Majority of Millennials Reject Capitalism, Survey Says — Because Greed Is Not Good

Impact

Democratic presidential candidate Bernie Sanders isn't the only one hating on "millionaires and billionaires." Like Sanders, millennials, who made up more than 80% of his voters in February's Iowa, New Hampshire and Nevada nominating contests, are questioning the entire system on which the United States was founded.

A new Harvard University survey found 51% of the participants between the ages 18 and 29 said they do not support capitalism. According to the Washington Post, 42% said they do support capitalism while 33% supported socialism as an alternative.

The university's results echo recent findings from Republican pollster Frank Luntz, who surveyed 1,000 Americans between the ages of 18 and 26 and found that 58% of respondents believed socialism to be the "more compassionate" political system when compared to capitalism. And when participants were asked to sum up the root of America's problem in one word, 29% said "greed."

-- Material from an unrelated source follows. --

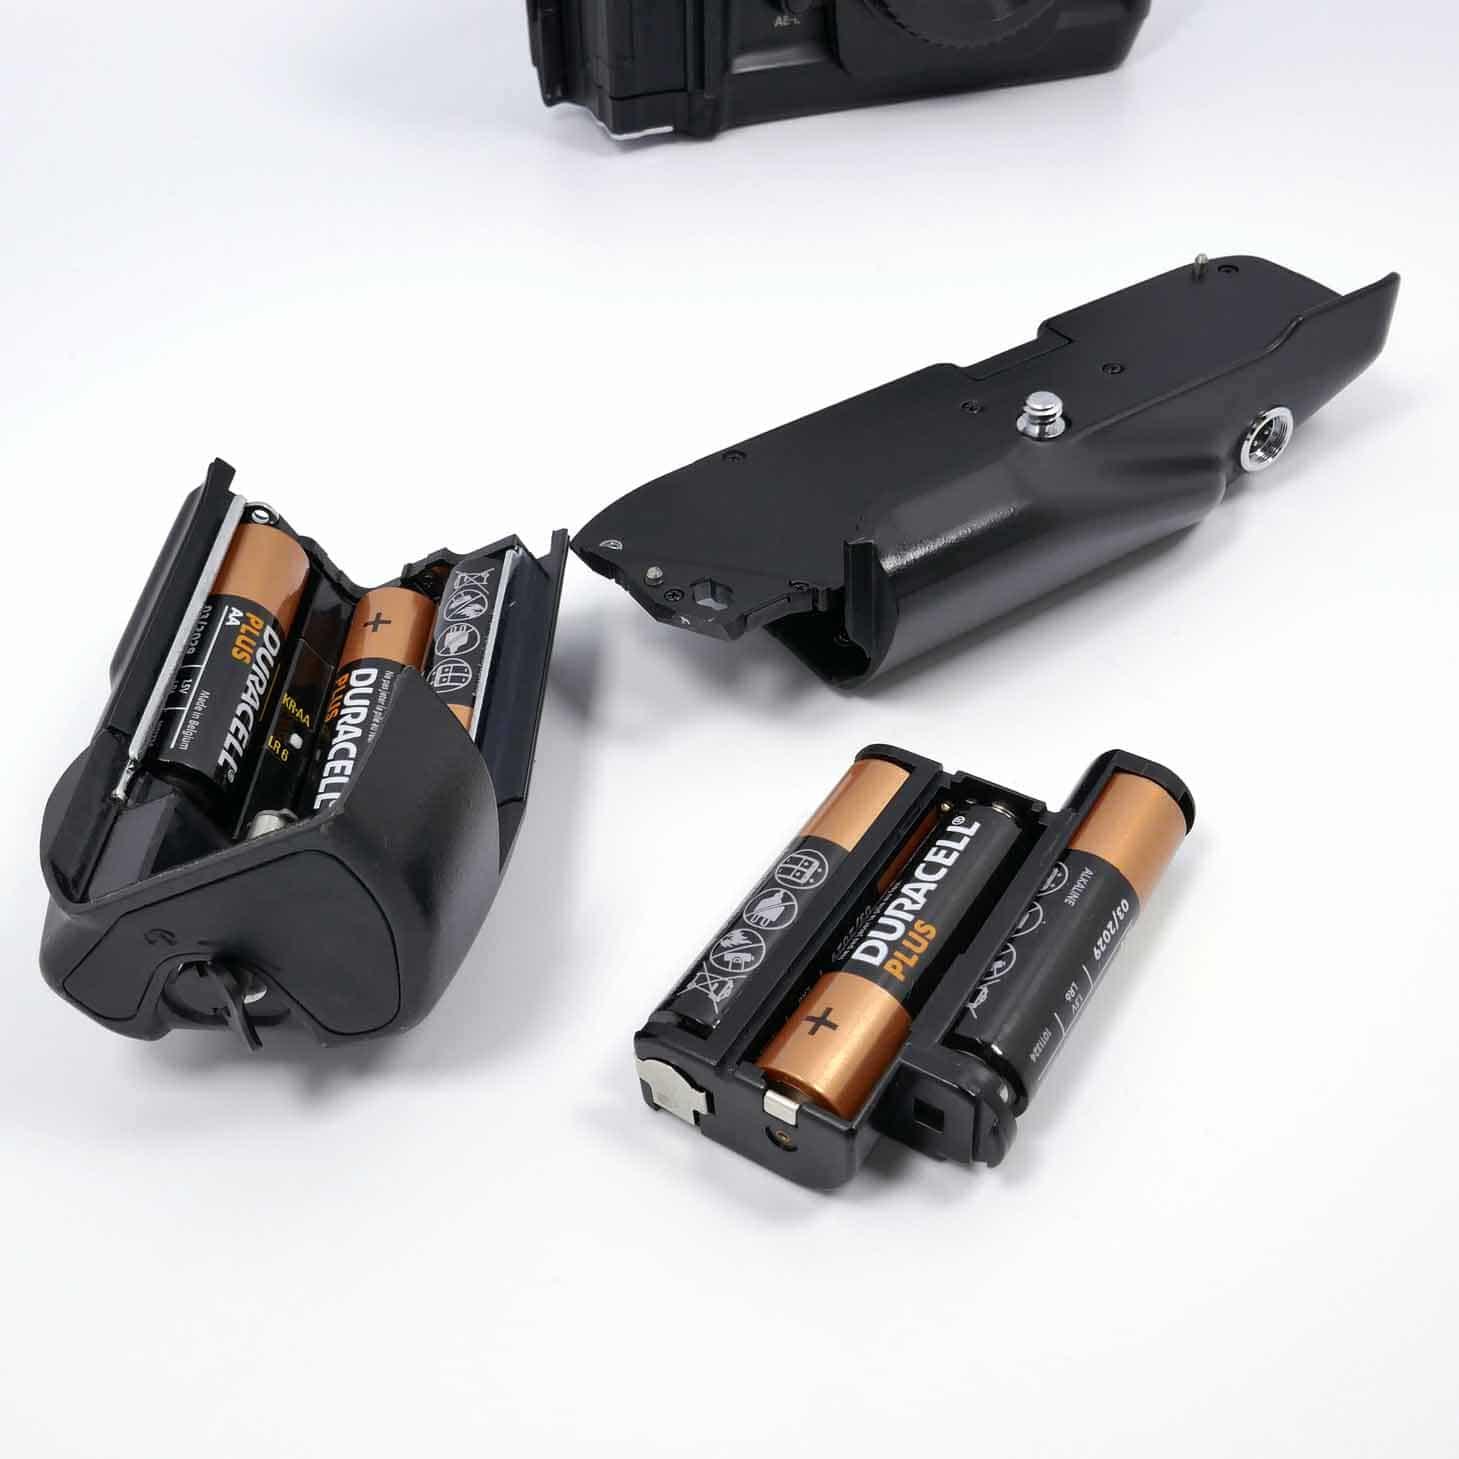 clean-cameras-Nikon-F4-+Nikon--MB-21-05

Read more: Robert Reich Explains Why Capitalism Is Broken and the Importance of Bernie Sanders

Harvard senior Zach Lustbader, who helped conduct the poll, told the Washington Post the results may be more indicative of a shifting connotation for the word "capitalism" itself. "The word 'capitalism' doesn't mean what it used to," he said. "You don't hear people on the right defending their economic policies using that word anymore." 

Indeed, while millennials may be latching on to critiques of a system that allows 62 people to own as much wealth as the poorest 3.5 billion, many could be buying into a new brand of capitalism in disguise. Last May, New York Times columnist Teddy Wayne wrote about the "modern-day yuppie," a negative term for well-off young professionals often maligned by hipsters.

Wayne claims they aren't as subversive as they think: "Yet all but the most bohemian of hipsters still relish the trappings of late capitalism, when he can get his hands on them: the designer jeans and Chuck Taylors, the small-batch bourbon and maple-marinated tempeh, the borrowed HBO Go password and cracked-screen iPhone."

Down with capitalism! Long live brunch.